We computed the case fatality rate for the SUEP and HAP cohorts (no fatalities in POP at first visit) for different sizes of the NAPKON dataset, showing the impact of the anonymization procedure on increasing documented cases over time (Fig. 4(b)). The case fatality rate was overestimated in the anonymized dataset with a size of up to 1,486 cases. For more than 1,486 cases documented in NAPKON, the case fatality rate was slightly underestimated in the anonymized dataset. In the original dataset containing 2,096 cases (dataset with three cohorts n = 4,562, 120 with missing information) the case fatality rate was 8% before and after anonymization (before: 165/2,096, after: 121/1,551).

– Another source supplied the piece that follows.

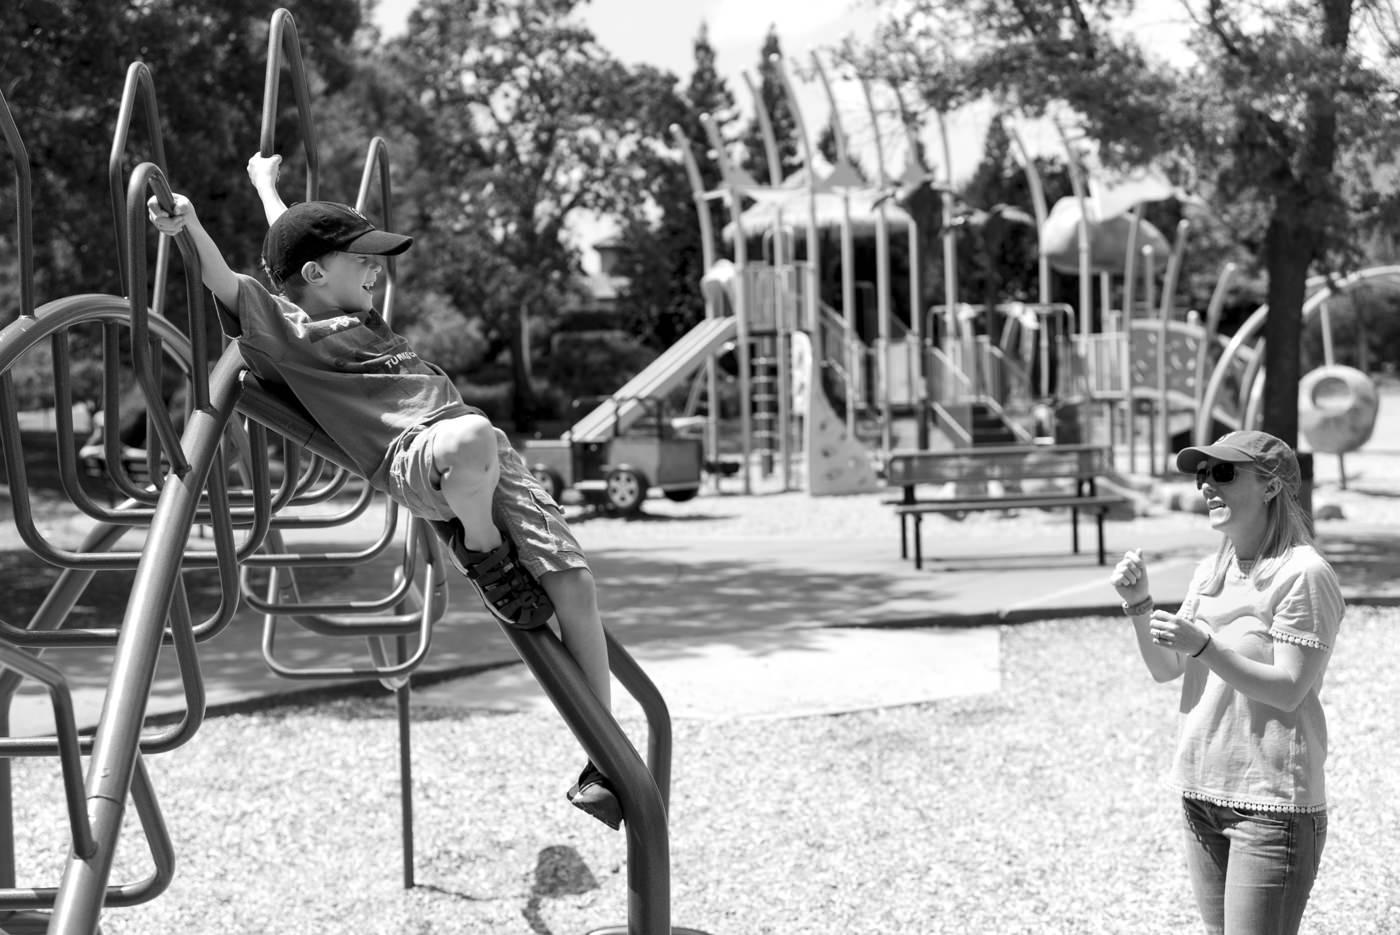 park-david-mullin-13.jpg

With more cases included in the original dataset, the bias of the case fatality rate before and after anonymization decreased. The differences in bias observed for the different cohorts is presented in Figs. 6 and 7. The median difference of the case fatality rate before and after anonymization for different sizes of the NAPKON datasets was 0.2% for the SUEP (interquartile range [IQR]: 0.1%–0.3%) and 2.9% (IQR: 1.7%–5.1%) for the HAP.

Fig. 6
figure 6

Case fatality rate for the High-Resolution Platform (HAP). Anonymized dataset = PUF.

Fig. 7
figure 7

Case fatality rate for the Cross-Sectoral Platform (SUEP). Anonymized dataset = PUF.

Regression analyses before and after anonymization

We investigated the impact of the used anonymization procedure on associations between parameters by computing four regression models for different sizes of datasets before and after anonymization (Fig. 8). The results of the NAPKON PUFs consistently reflected the trends of the associations found in the respective original datasets.

Fig. 8
figure 8

Odds ratios (OR) and 95%-confidence intervals (CI) of patient characteristics and outcomes in the dataset before and after anonymization for different sizes of the original dataset (anonymized dataset = PUF). In the graphs, the number of records in the original dataset was adjusted according to the number of cases included in the regression analysis, excluding missing data. To note, datasets with no ORs and CIs do not contain the relevant information for the respective regression model. (a) Inpatient cases from the Cross-Sectoral Platform (SUEP). (b) Cases from the High-Resolution Platform (HAP) and inpatient SUEP aged between 49 and 59 years that survived the acute phase of COVID-19 (ambulant or discharged). (c) Cases from the Population-Based Platform (POP). (d) Cases from the High-Resolution Platform (HAP).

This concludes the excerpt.